Google's new video generation ai model Lumiere Use a new diffusion model called Space-Time-U-Net, or STUNet, which discovers where things are in a video (space) and how they move and change simultaneously (time). technology/2024/01/googles-latest-ai-video-generator-renders-implausible-situations-for-cute-animals/”>Ars Technique reports that this method allows Lumiere to create the video in a single process instead of stitching together smaller frames.
Lumiere begins by creating a base framework from the message.
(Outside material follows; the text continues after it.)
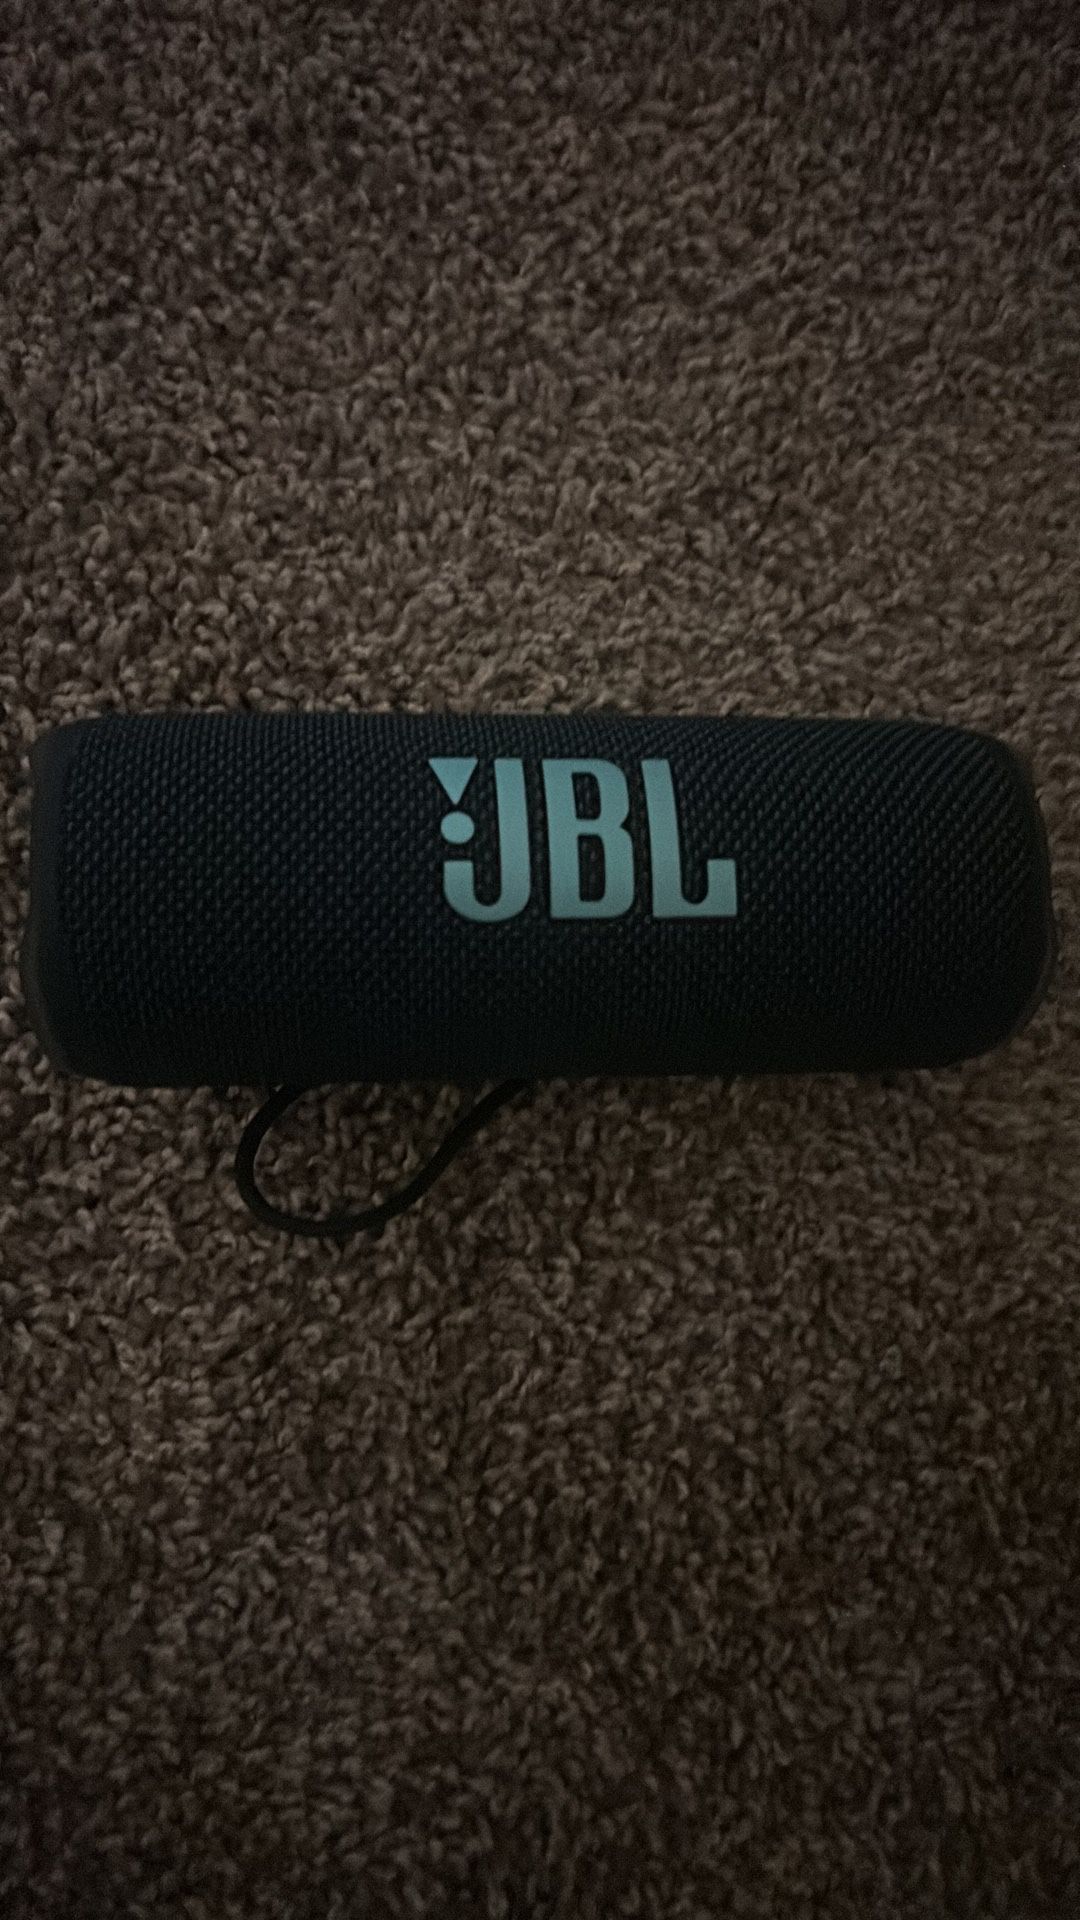 Bluetooth Speaker Brand New Just Got Few Days Ago

He then uses the STUNet framework to begin to approximate where objects will move within that frame to create more frames that flow into each other, creating the appearance of fluid motion. Lumiere also outputs 80 frames compared to Stable Video Diffusion's 25 frames.
Admittedly, I'm more of a copywriter than a video enthusiast, but the sizzle that Google published, along with a pre-print scientific paper, shows that ai video generation and editing tools have gone from uncanny valley to be almost realistic in just a few years. years. It also establishes Google's technology in the space already occupied by competitors such as Runway, Stable Video Diffusion or Meta's Emu. Runway, one of the first mass-market text-to-video platforms, launched Runway Gen-2 in March last year and began offering more realistic-looking videos. Catwalk videos also have difficulty portraying movement.
Google was kind enough to put clips and prompts on the Lumiere site, allowing me to post the same prompts on Runway for comparison. Here are the results:
Yes, some of the clips presented have a touch of artificiality, especially if you look closely at the skin texture or if the scene is more atmospheric. But Look at that turtle! It moves like a turtle would in water! It looks like a real turtle! I sent the Lumiere intro video to a friend who is a professional video editor. While he noted that “you can clearly tell it's not entirely real,” he thought it was impressive that if he hadn't told him it was ai, he would think it was CGI. (She also said, “He's going to take my job, isn't he?”)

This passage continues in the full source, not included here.